**What to produce:**
Could you repeat the listing exactly, leaving out the pictures?

**Exercise data:**
-.-.-

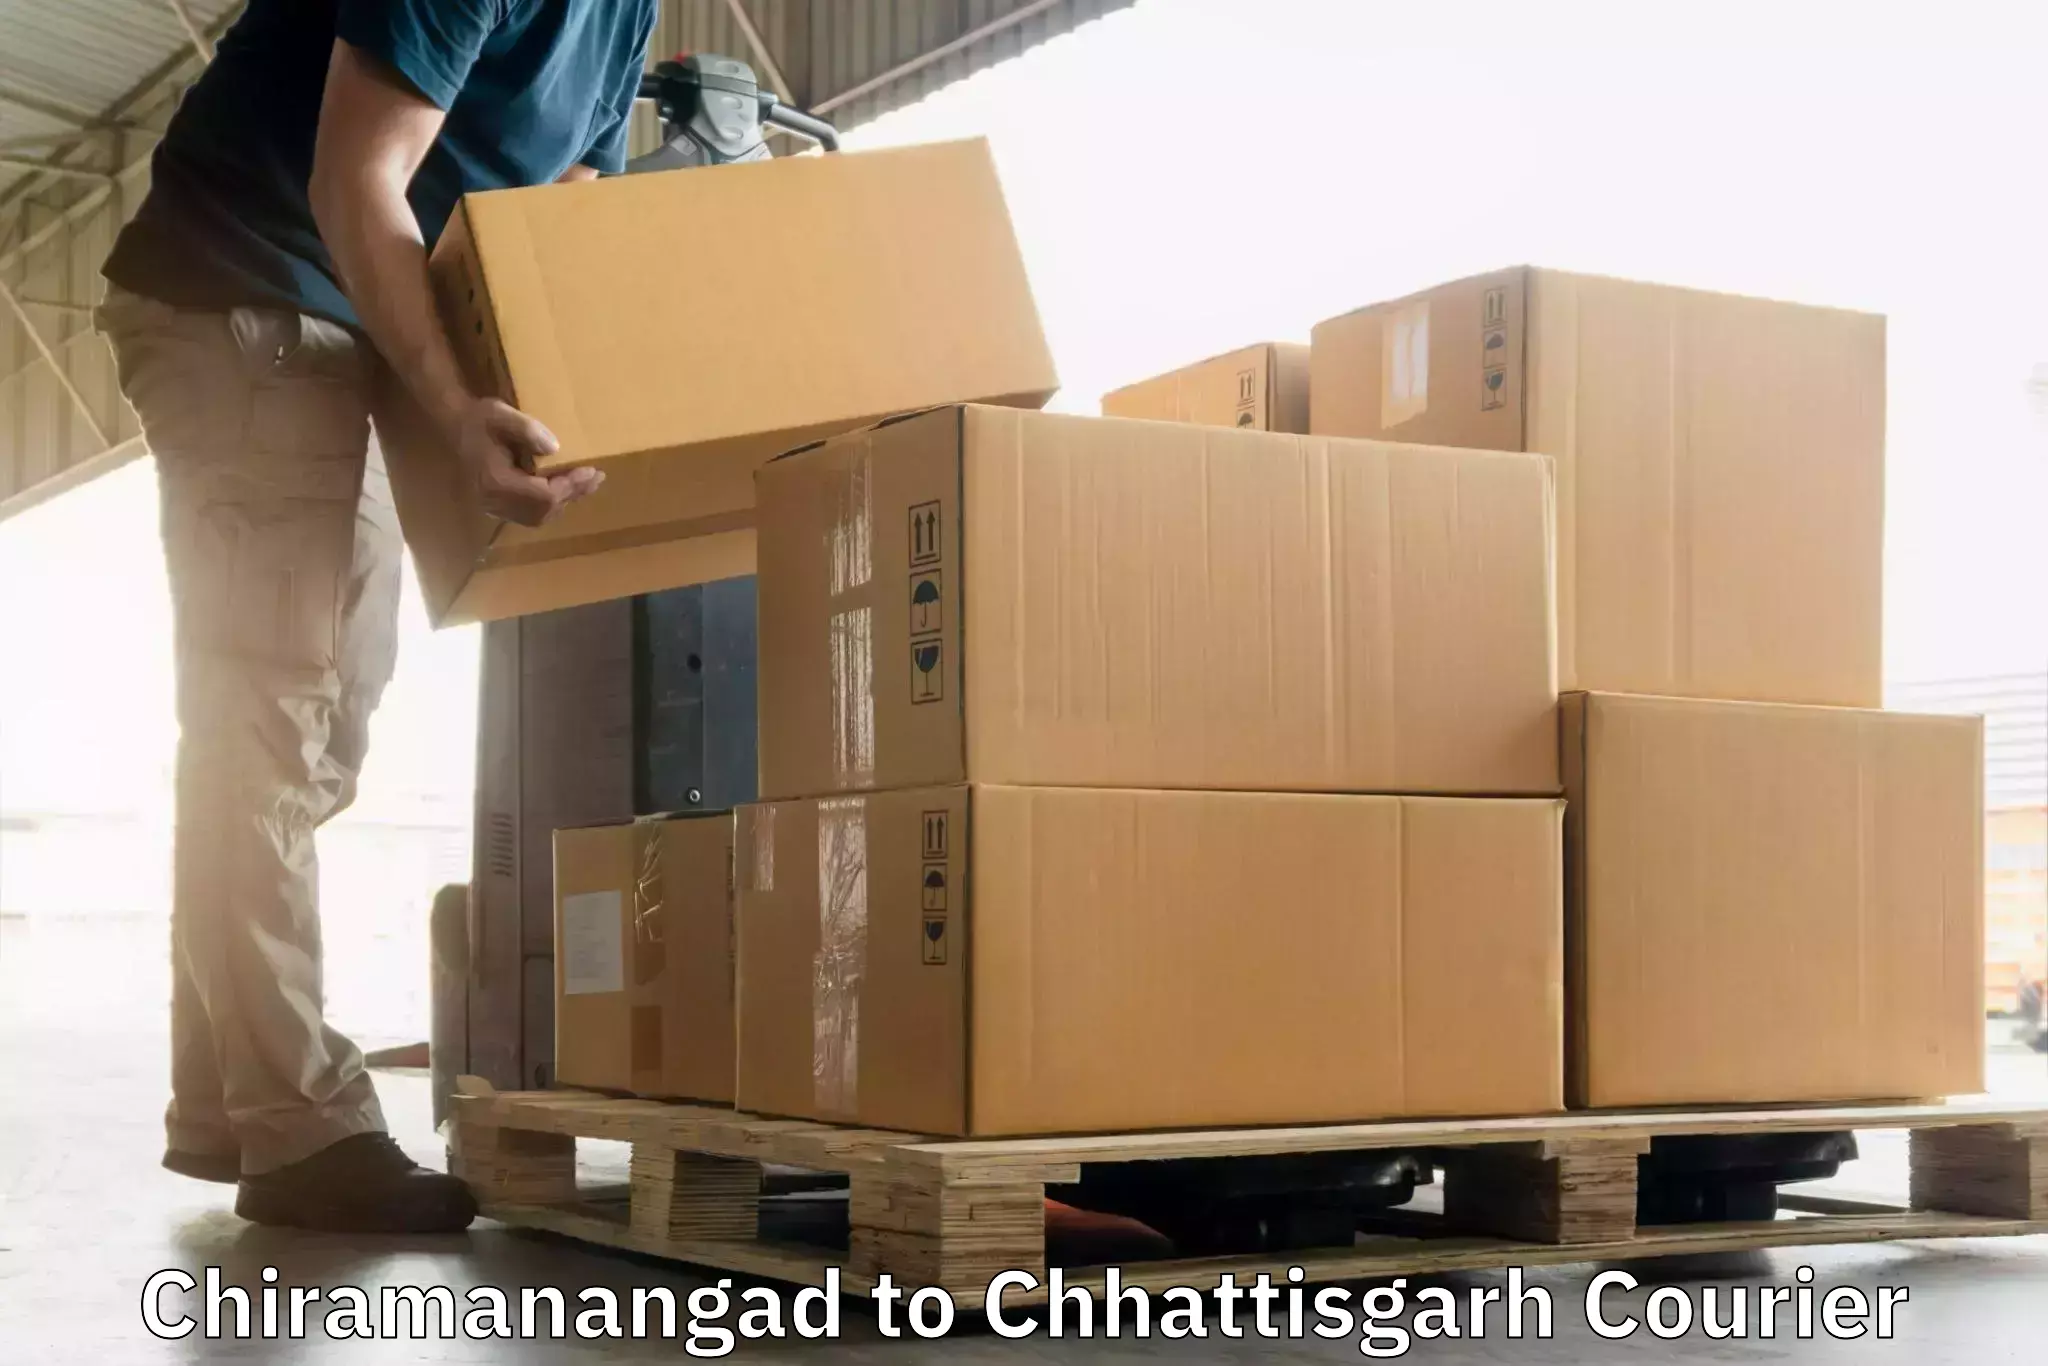 Door-to-door freight service Chiramanangad to Dhamtari
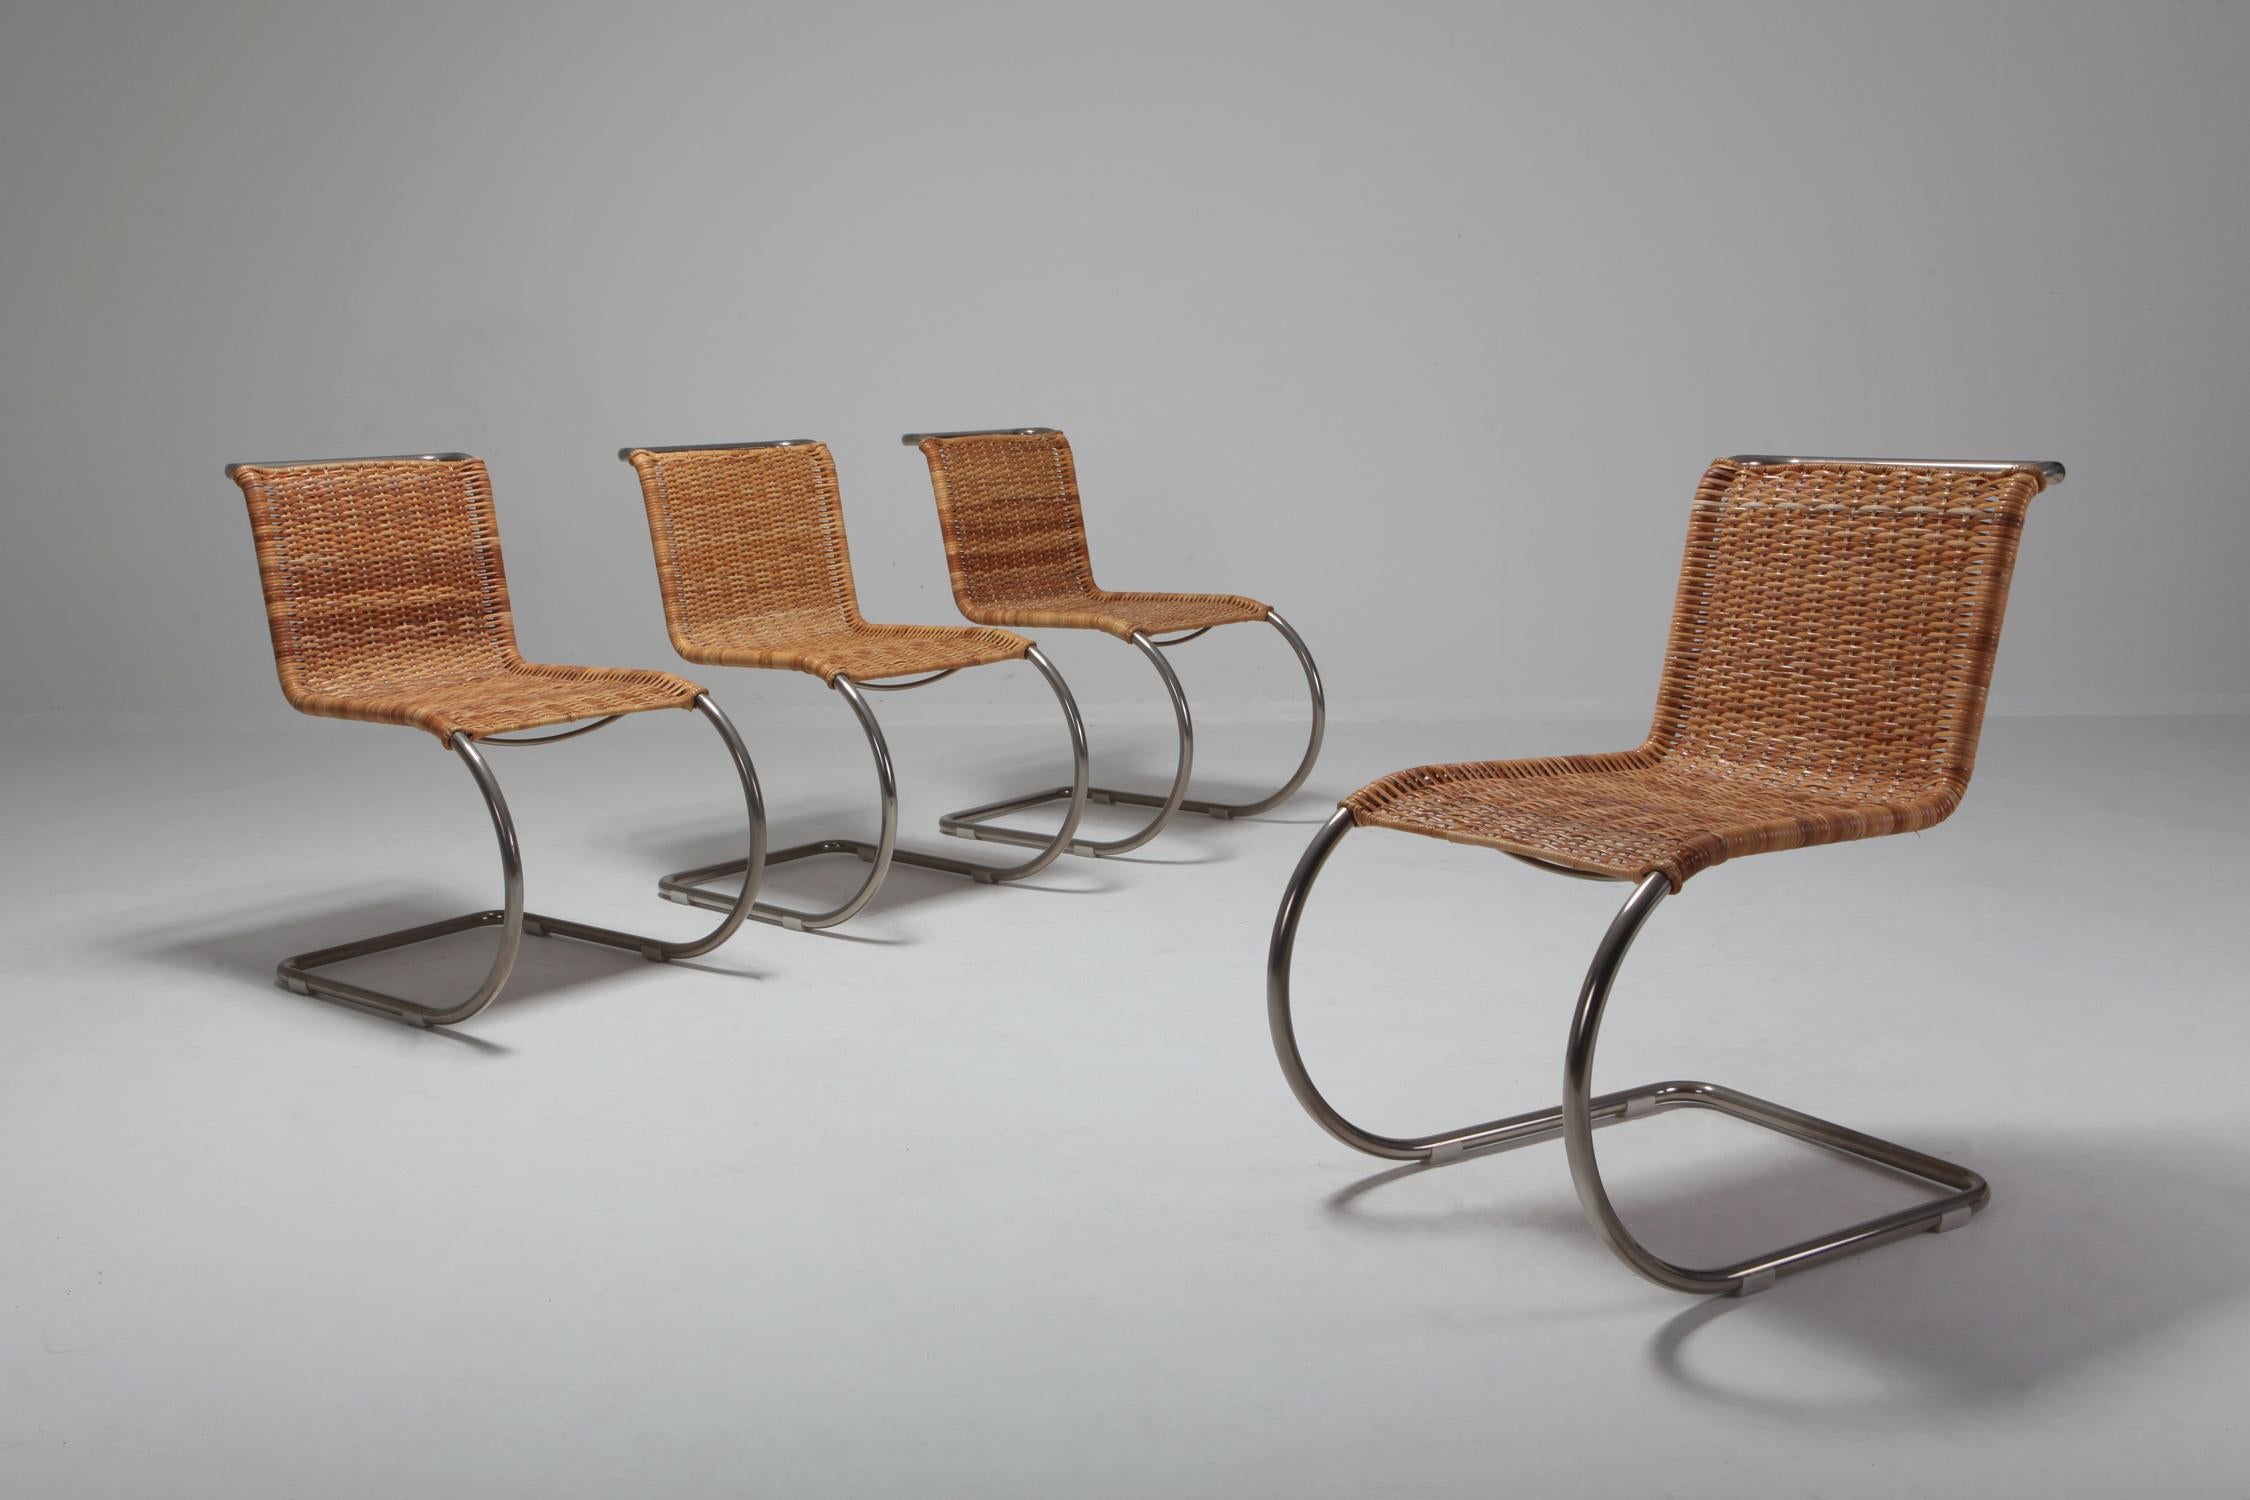 20th Century Bauhaus B42 Chair by Mies van der Rohe for Tecta
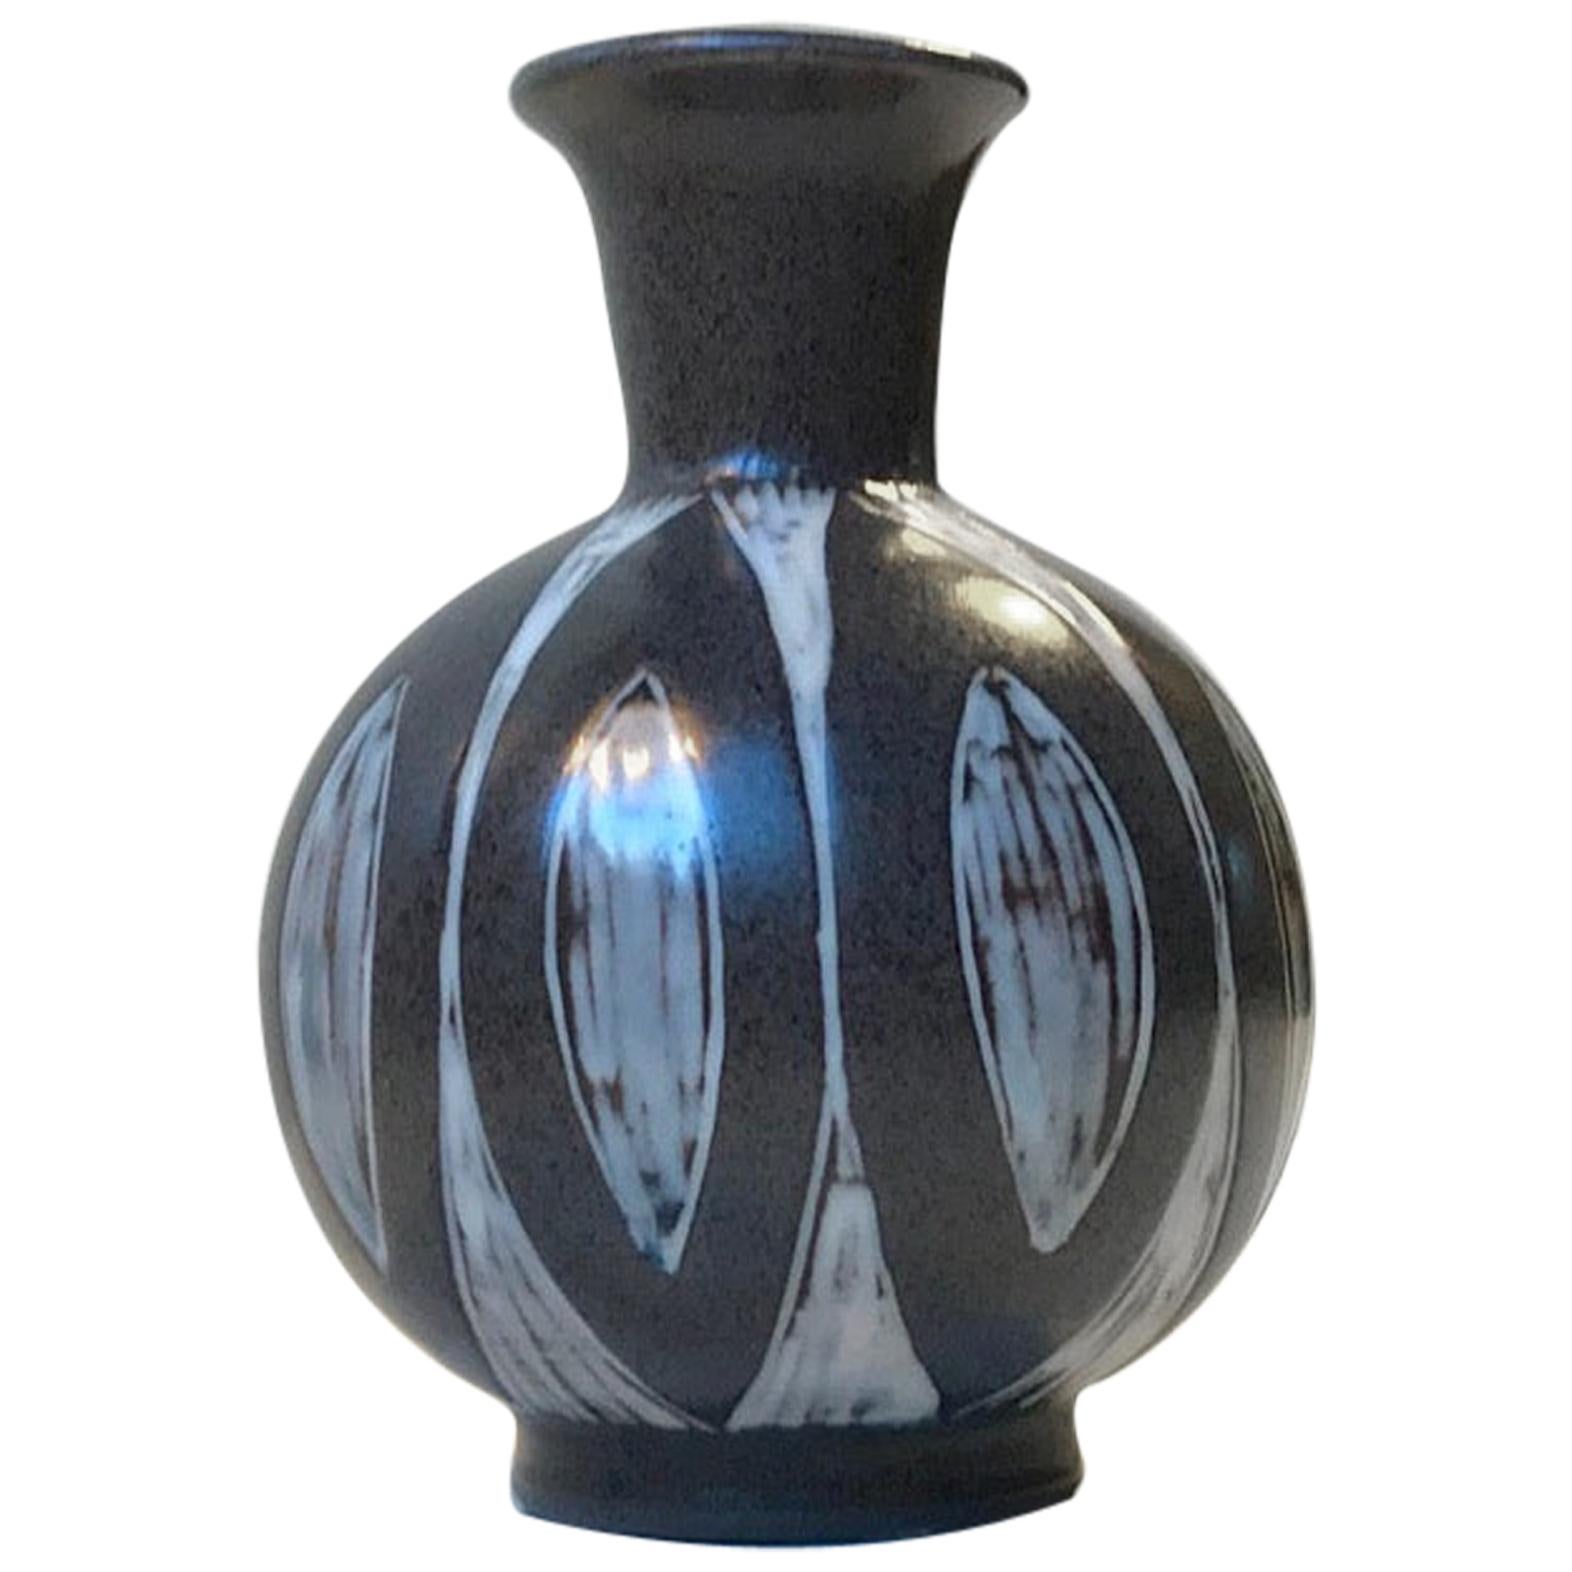 Danish Modernist Ceramic Vase by Eva & Johannes Andersen, 1960s

-.-.-

**Solution:**
 Door-to-door freight service Chiramanangad to Dhamtari
 20th Century Bauhaus B42 Chair by Mies van der Rohe for Tecta
 Danish Modernist Ceramic Vase by Eva & Johannes Andersen, 1960s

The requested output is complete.